Try it: A faithful copy of the data, pictures omitted, is the required answer.

Supplied material:
-*-*-
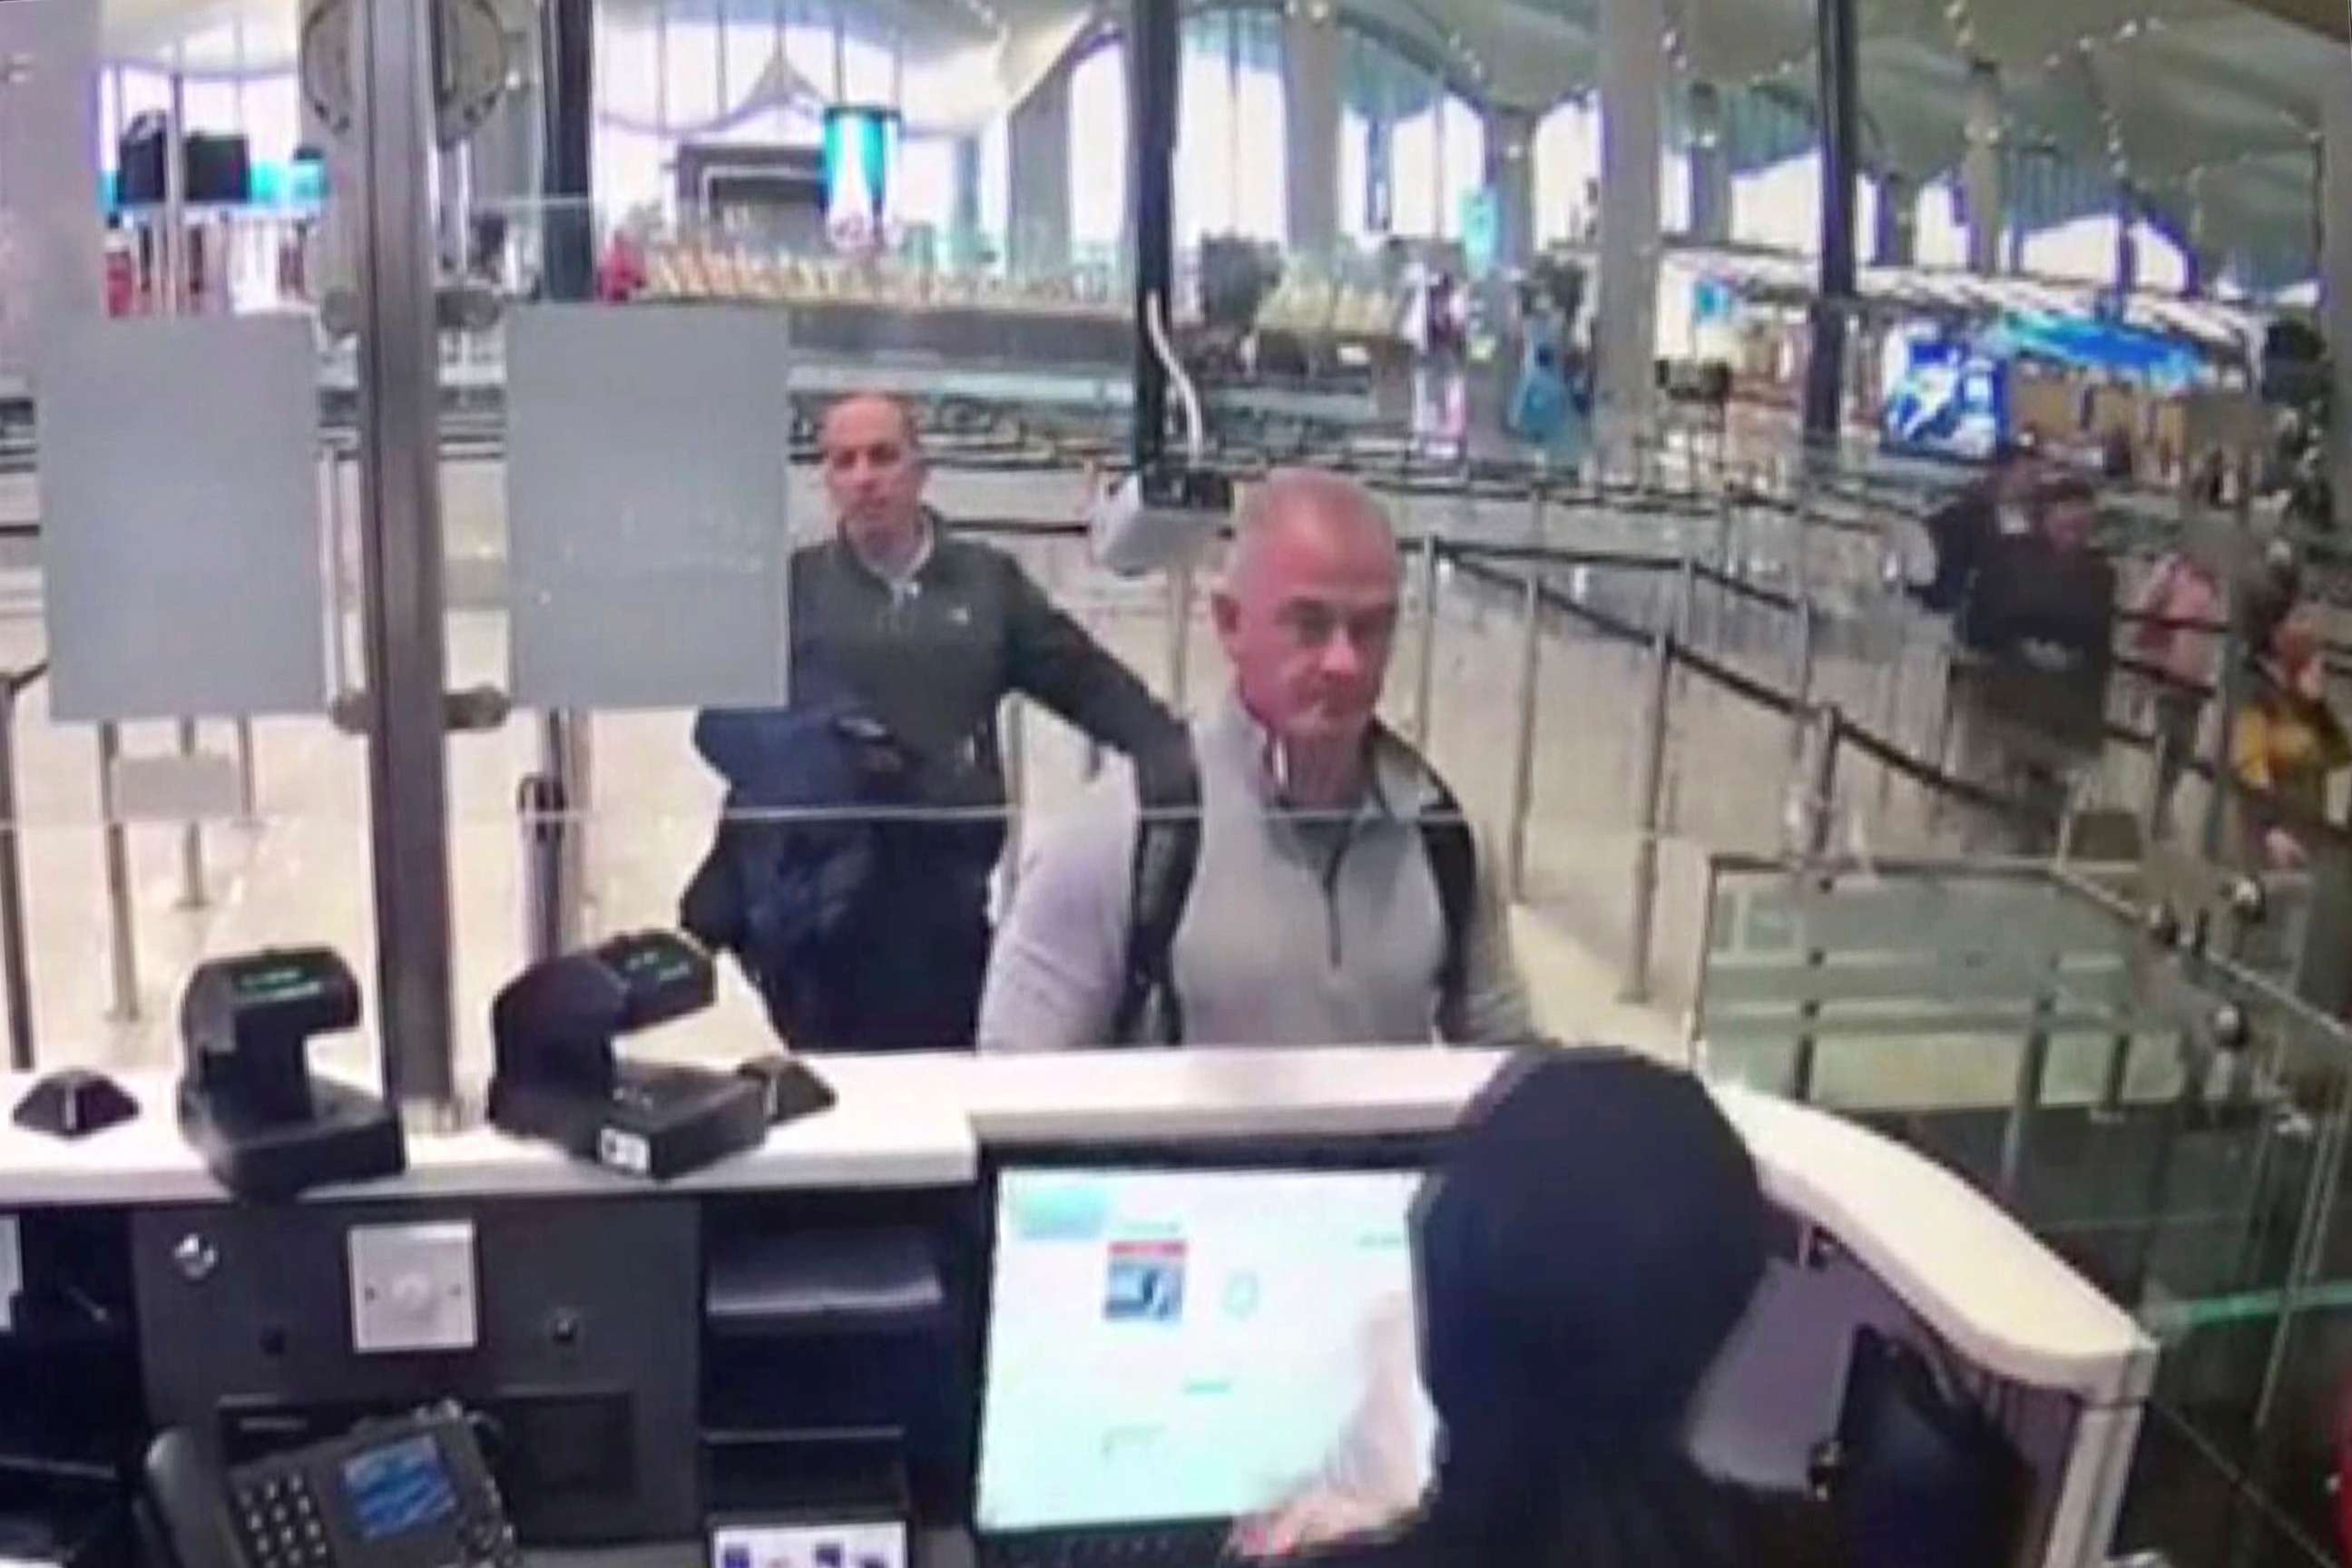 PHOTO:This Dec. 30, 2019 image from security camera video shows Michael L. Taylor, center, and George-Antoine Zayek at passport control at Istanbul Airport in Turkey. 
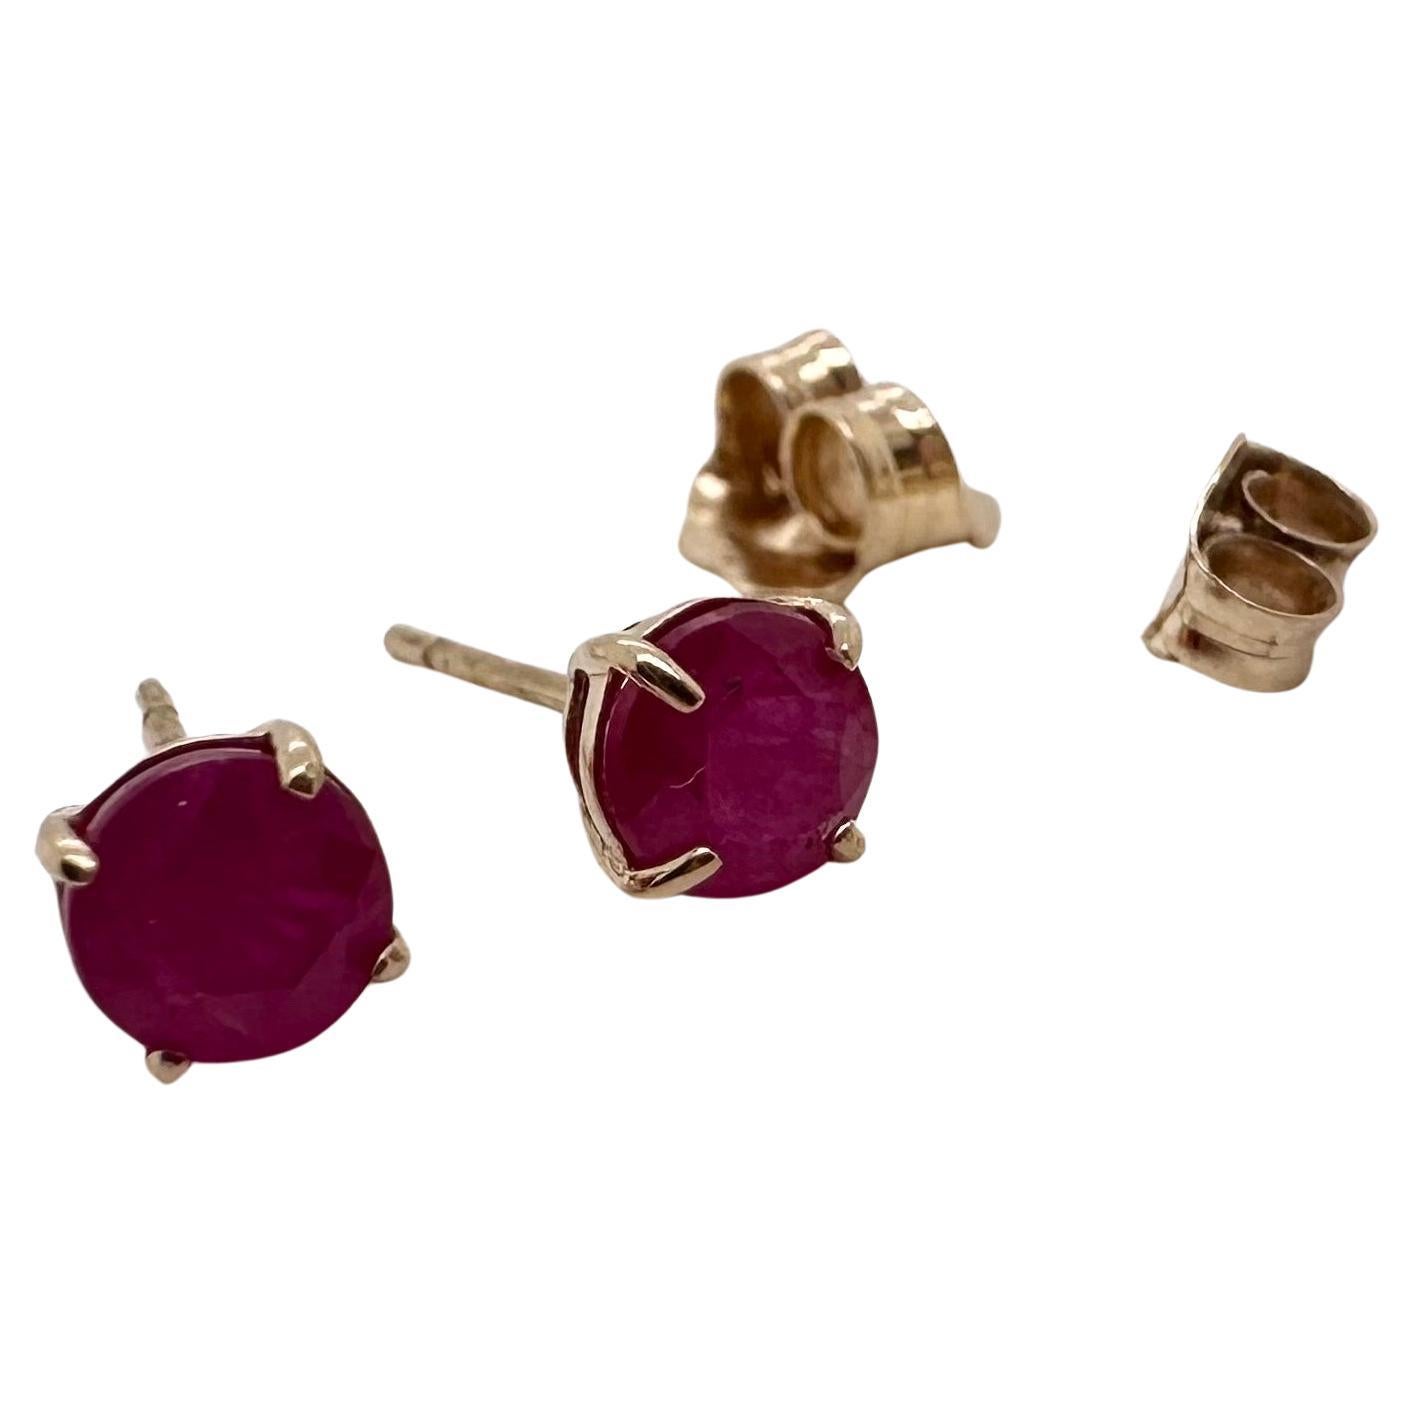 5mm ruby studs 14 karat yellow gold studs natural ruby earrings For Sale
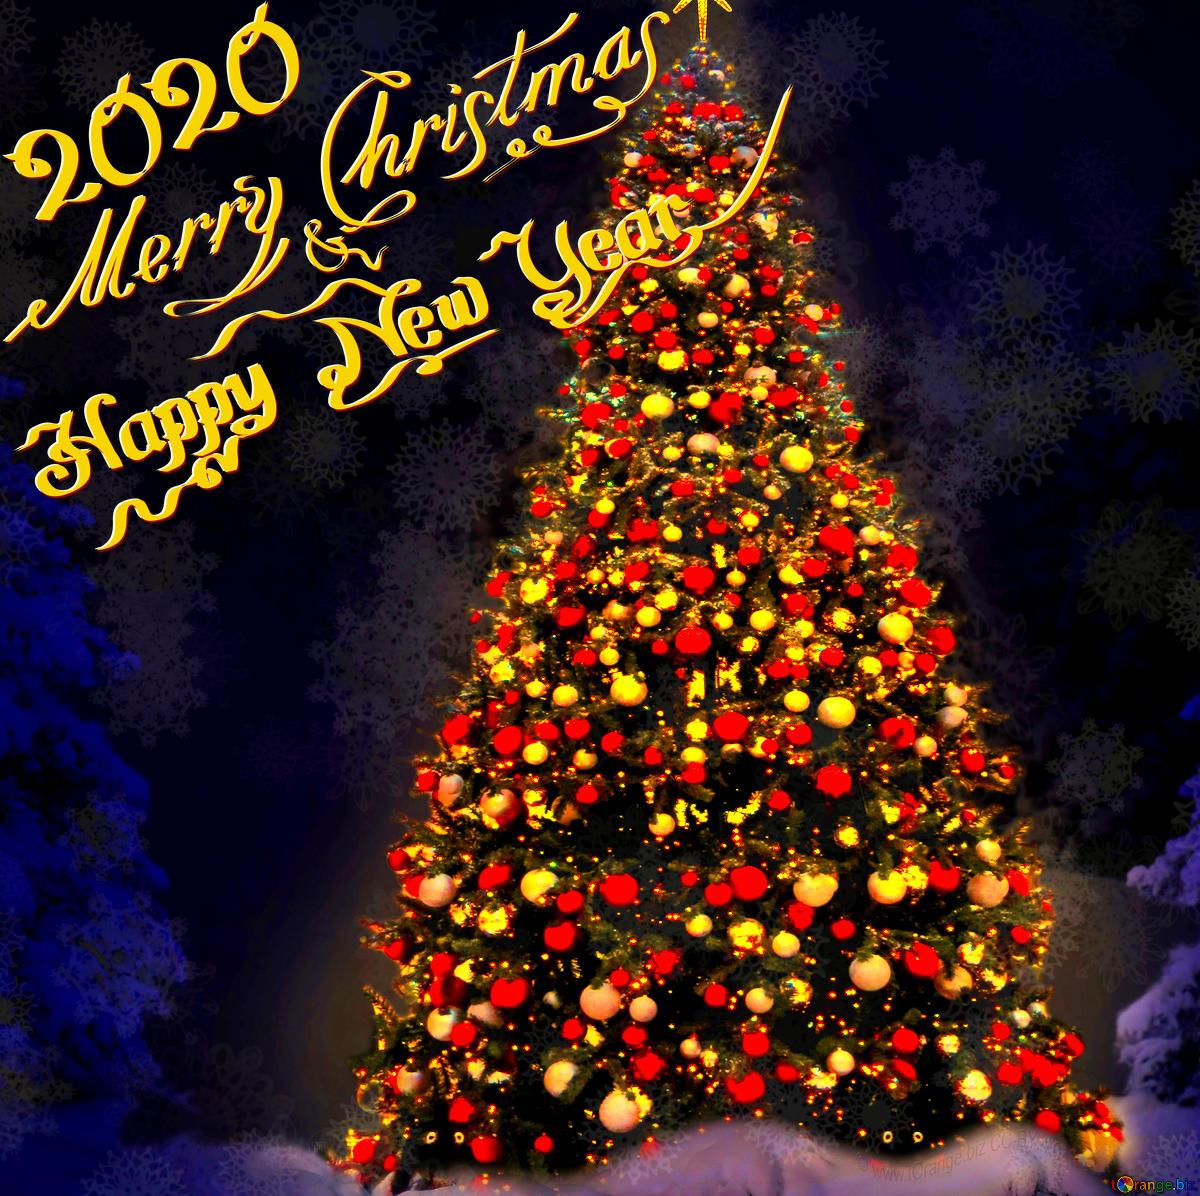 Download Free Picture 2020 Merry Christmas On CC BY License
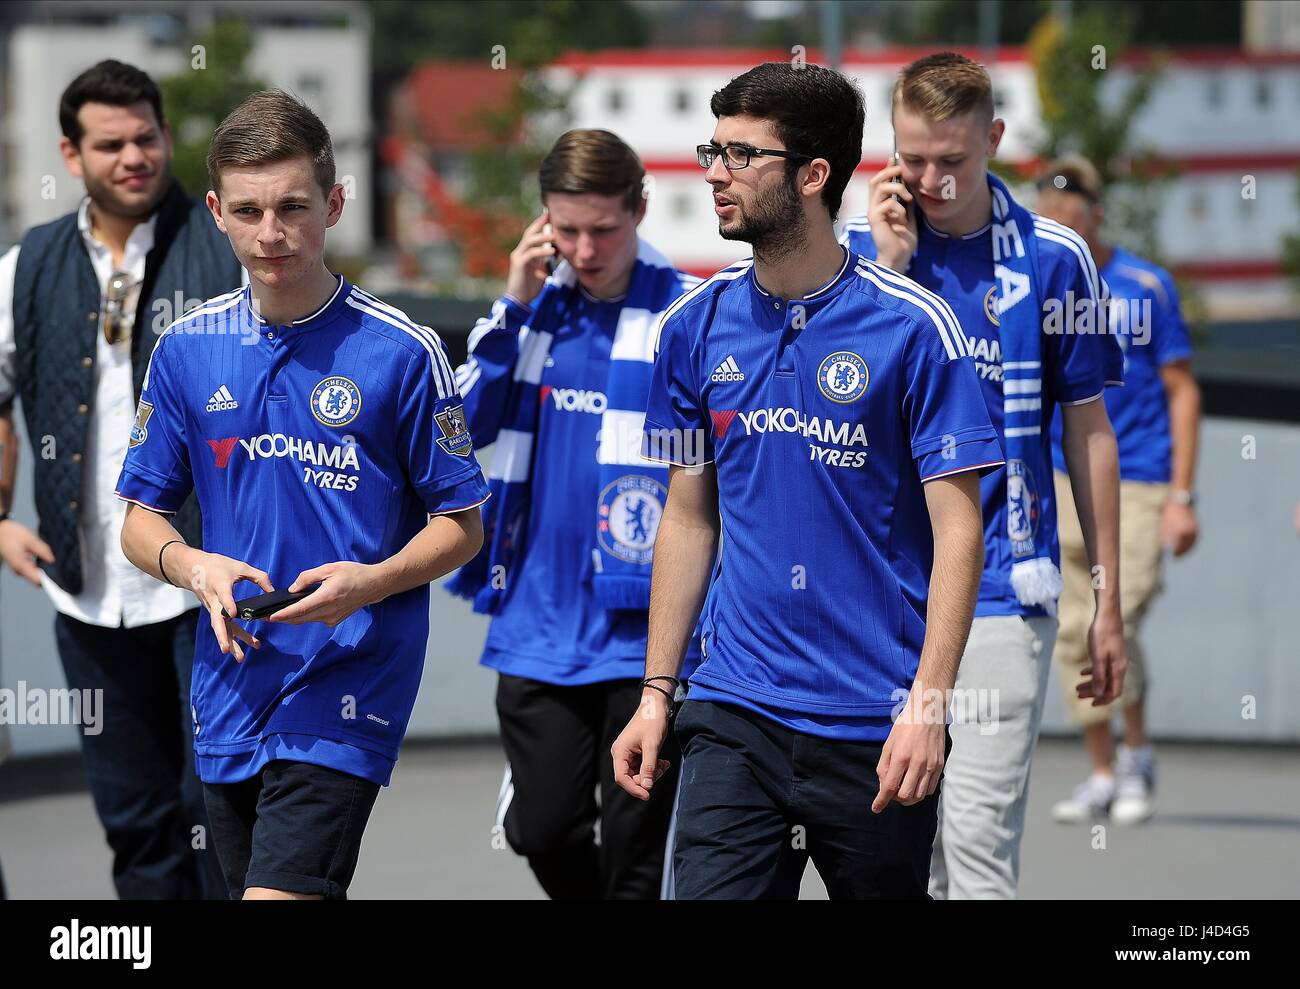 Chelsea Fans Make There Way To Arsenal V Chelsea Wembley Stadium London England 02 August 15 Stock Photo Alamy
-*-*-
Result for this task:
 PHOTO:This Dec. 30, 2019 image from security camera video shows Michael L. Taylor, center, and George-Antoine Zayek at passport control at Istanbul Airport in Turkey. 
 5mm ruby studs 14 karat yellow gold studs natural ruby earrings For Sale
 Download Free Picture 2020 Merry Christmas On CC BY License
 Chelsea Fans Make There Way To Arsenal V Chelsea Wembley Stadium London England 02 August 15 Stock Photo Alamy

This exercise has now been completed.